__EXERCISE DETAILS__
Only the lines below from the one containing "MONSTER TRUCK PAT." through the one containing "Operation and Compliance of the NSW" belong in the answer, repeated exactly and without pictures.

__RECORDS SUPPLIED__
---------------
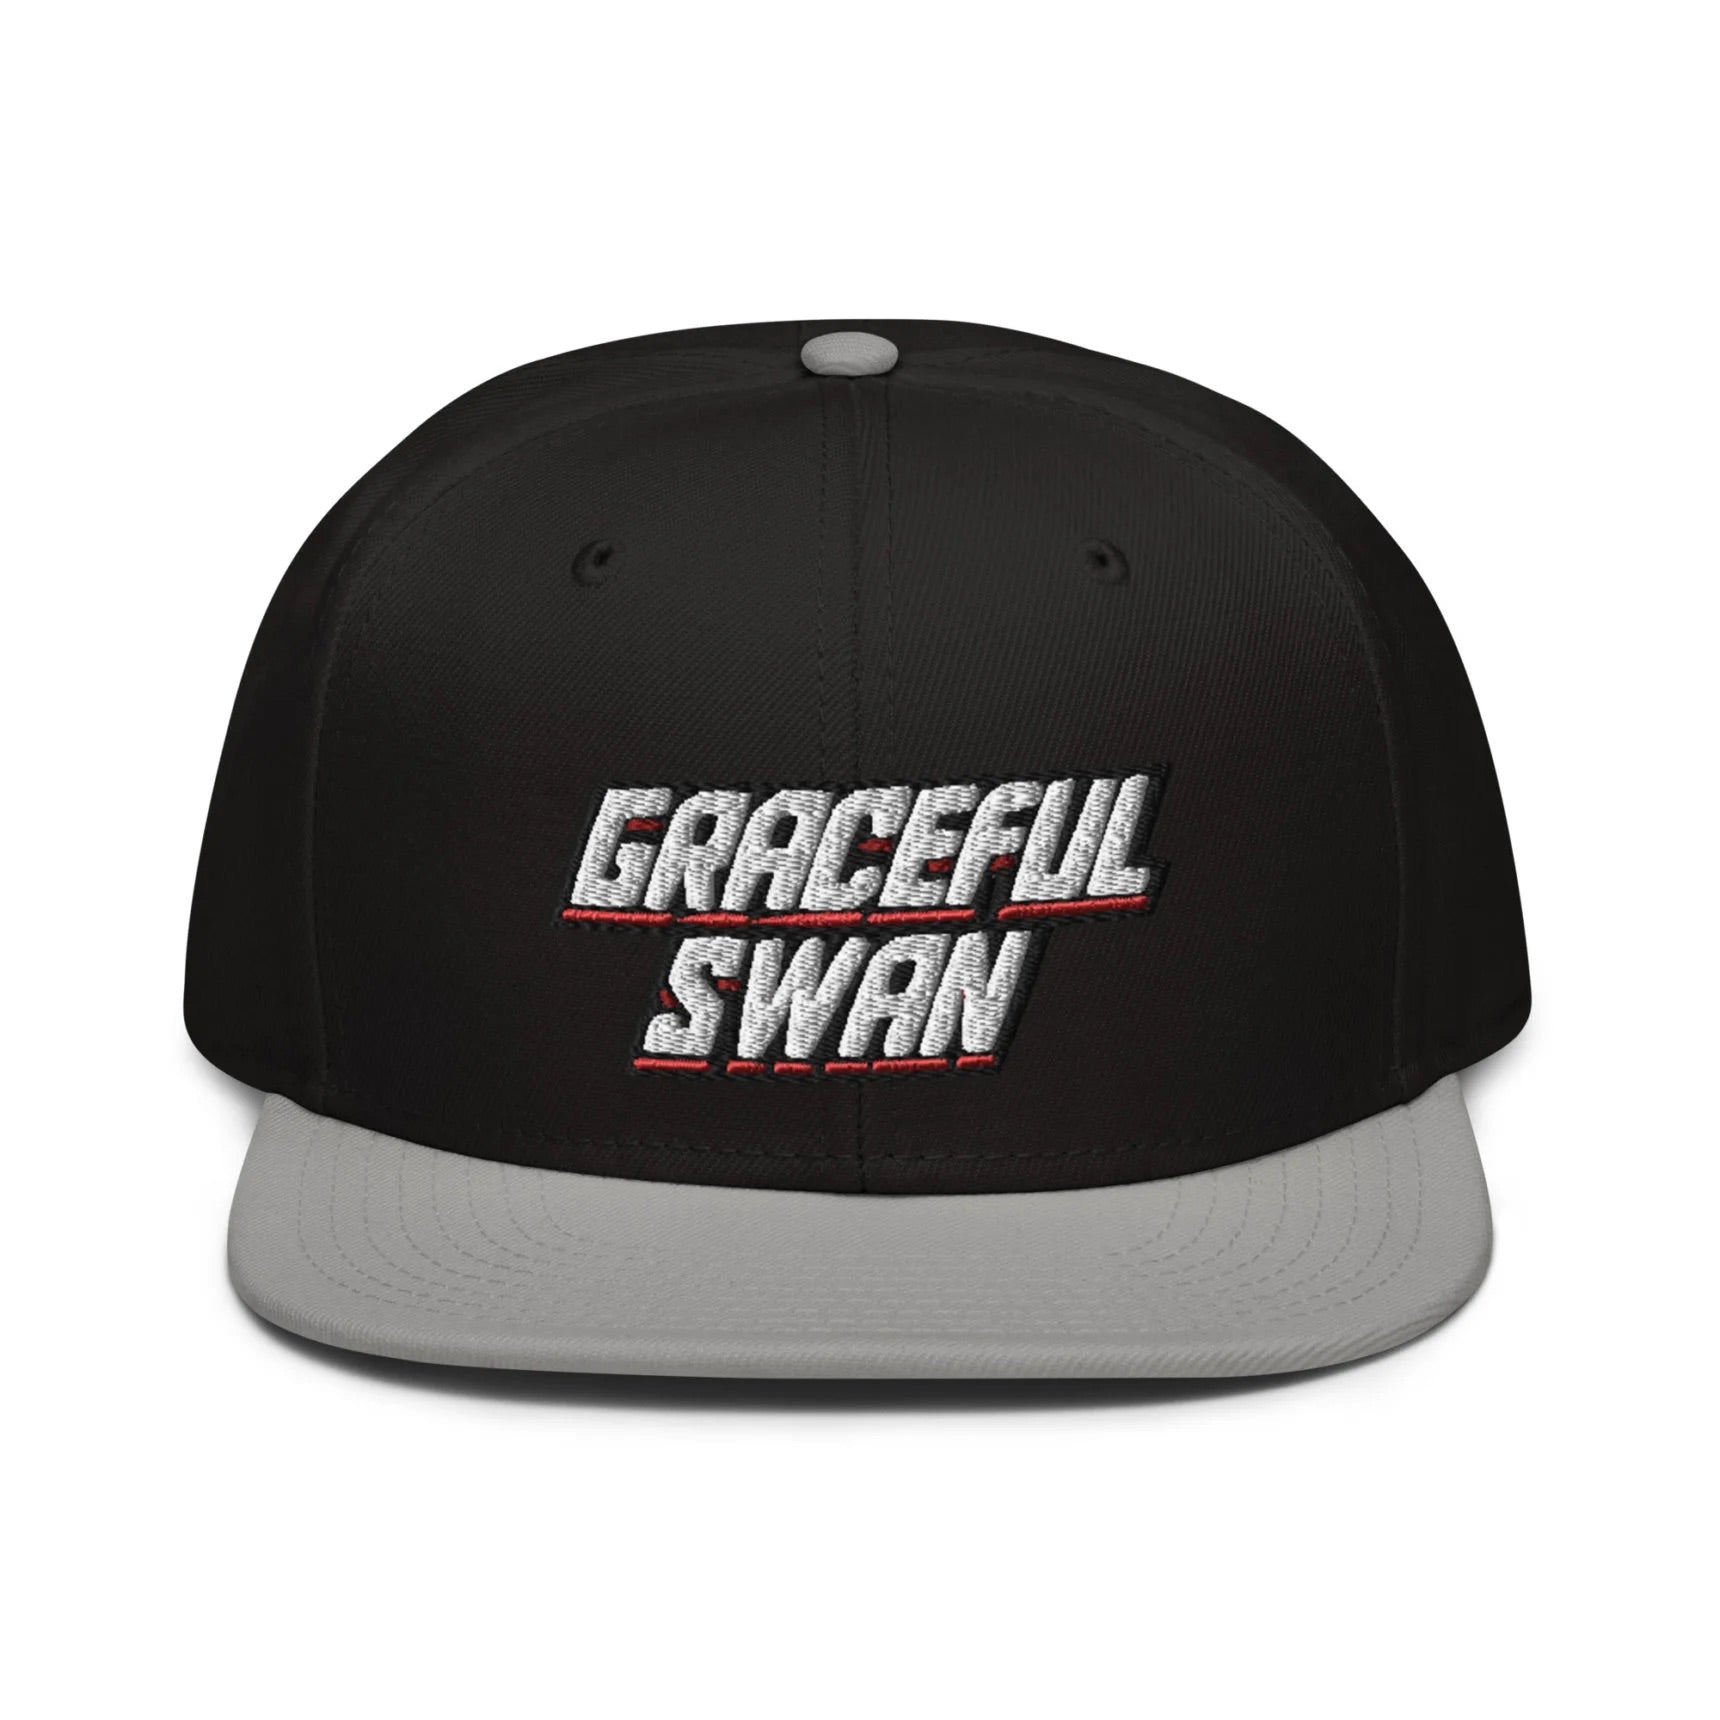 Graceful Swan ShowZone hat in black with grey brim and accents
---------------
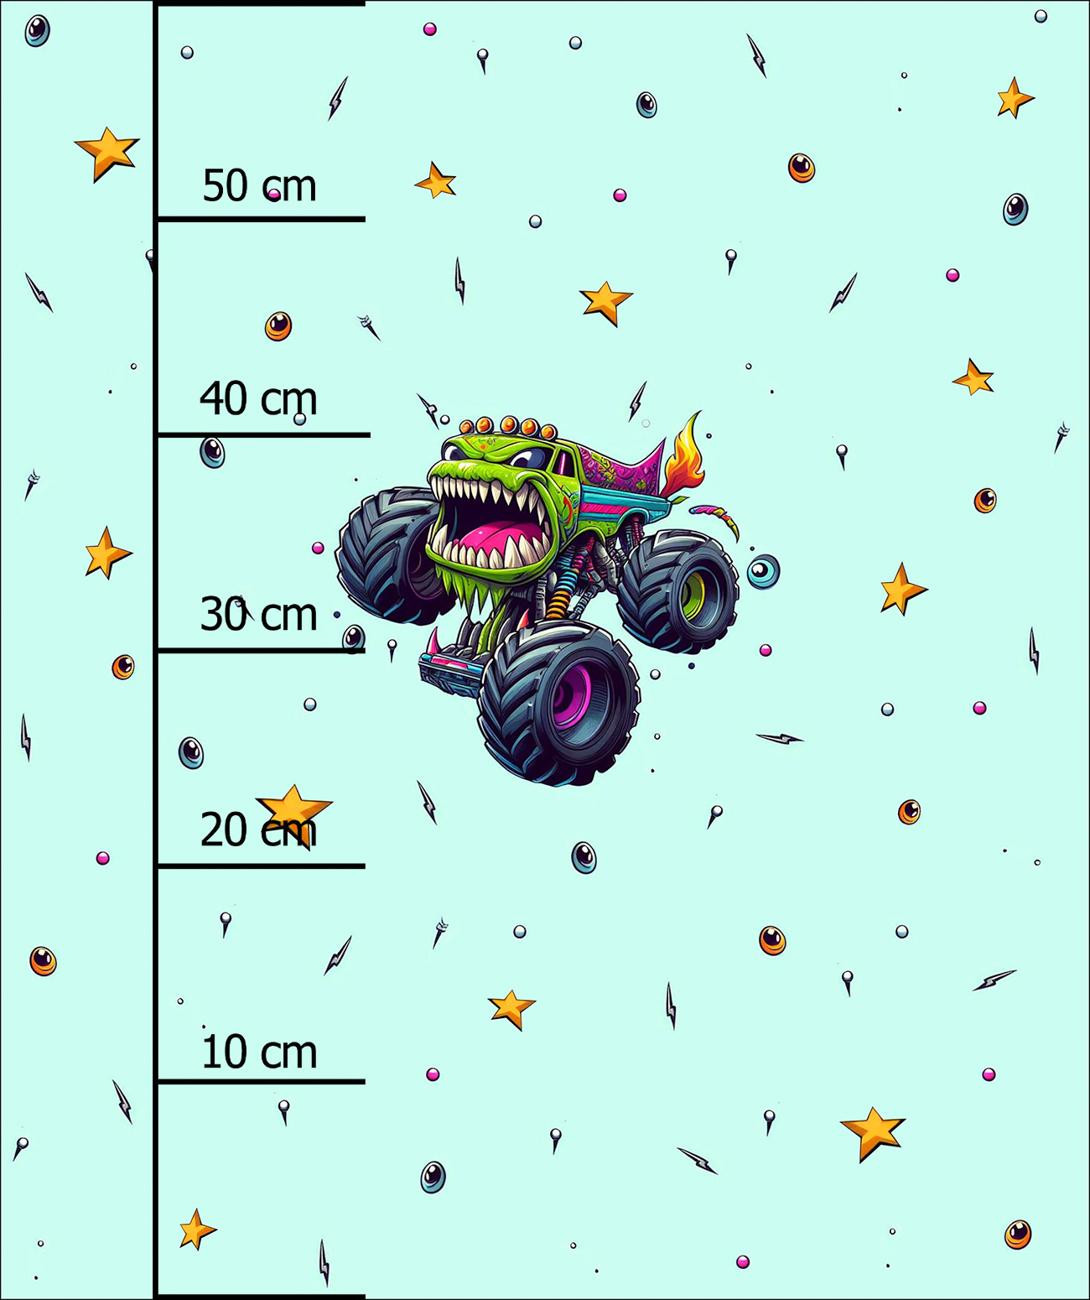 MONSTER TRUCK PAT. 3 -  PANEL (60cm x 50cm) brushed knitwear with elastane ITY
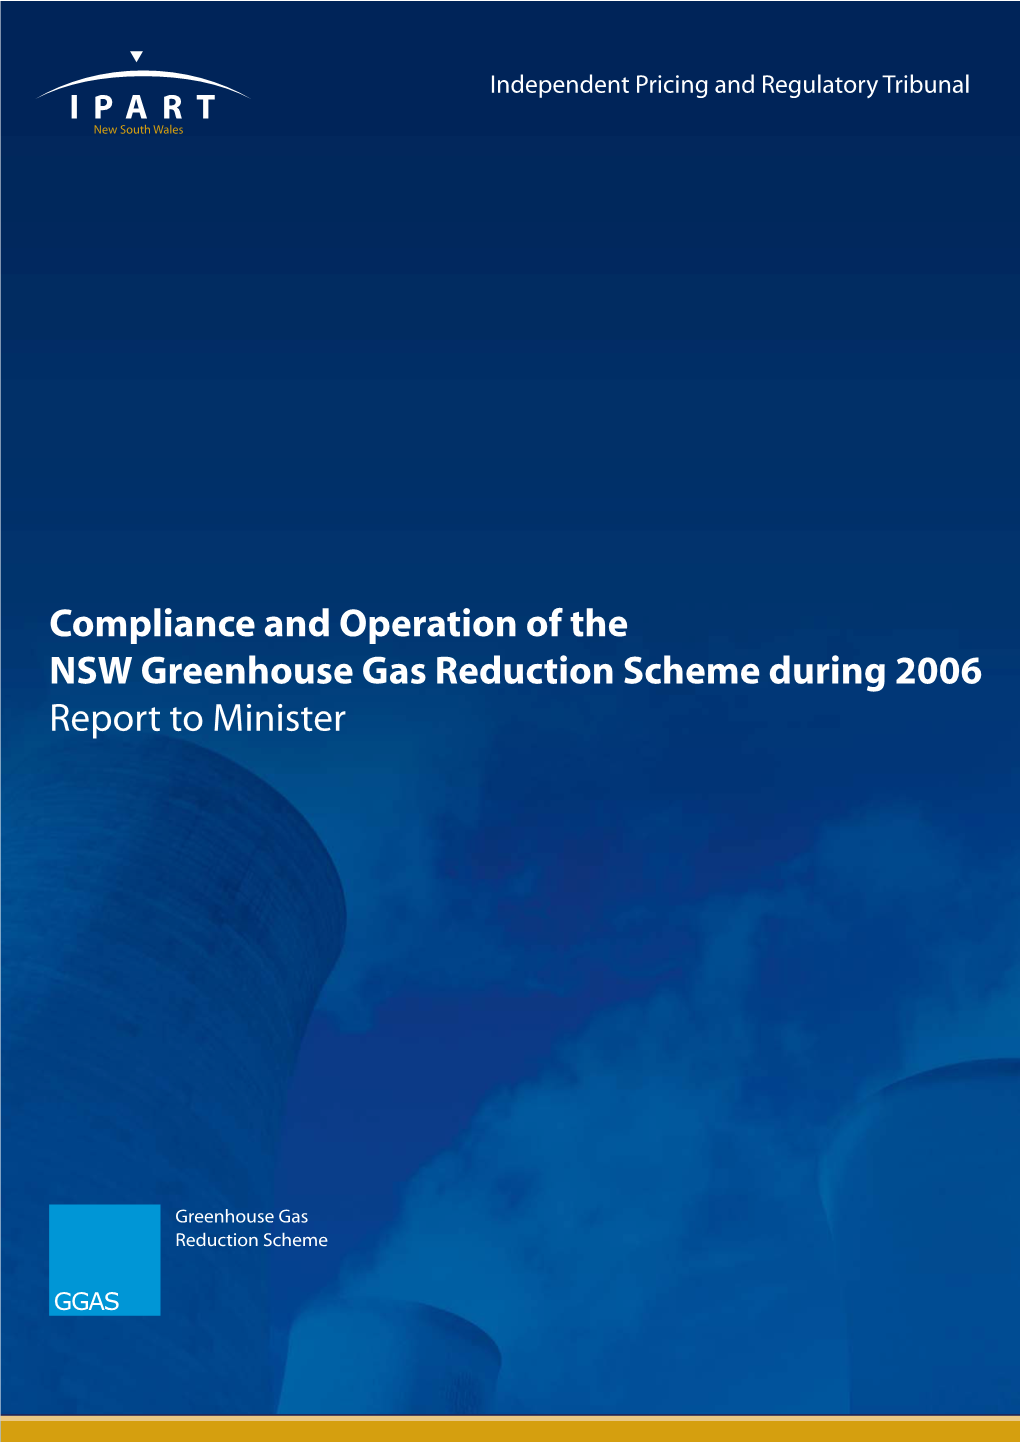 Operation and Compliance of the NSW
---------------
__SOLUTION TO THE EXERCISE__
 MONSTER TRUCK PAT. 3 -  PANEL (60cm x 50cm) brushed knitwear with elastane ITY
 Operation and Compliance of the NSW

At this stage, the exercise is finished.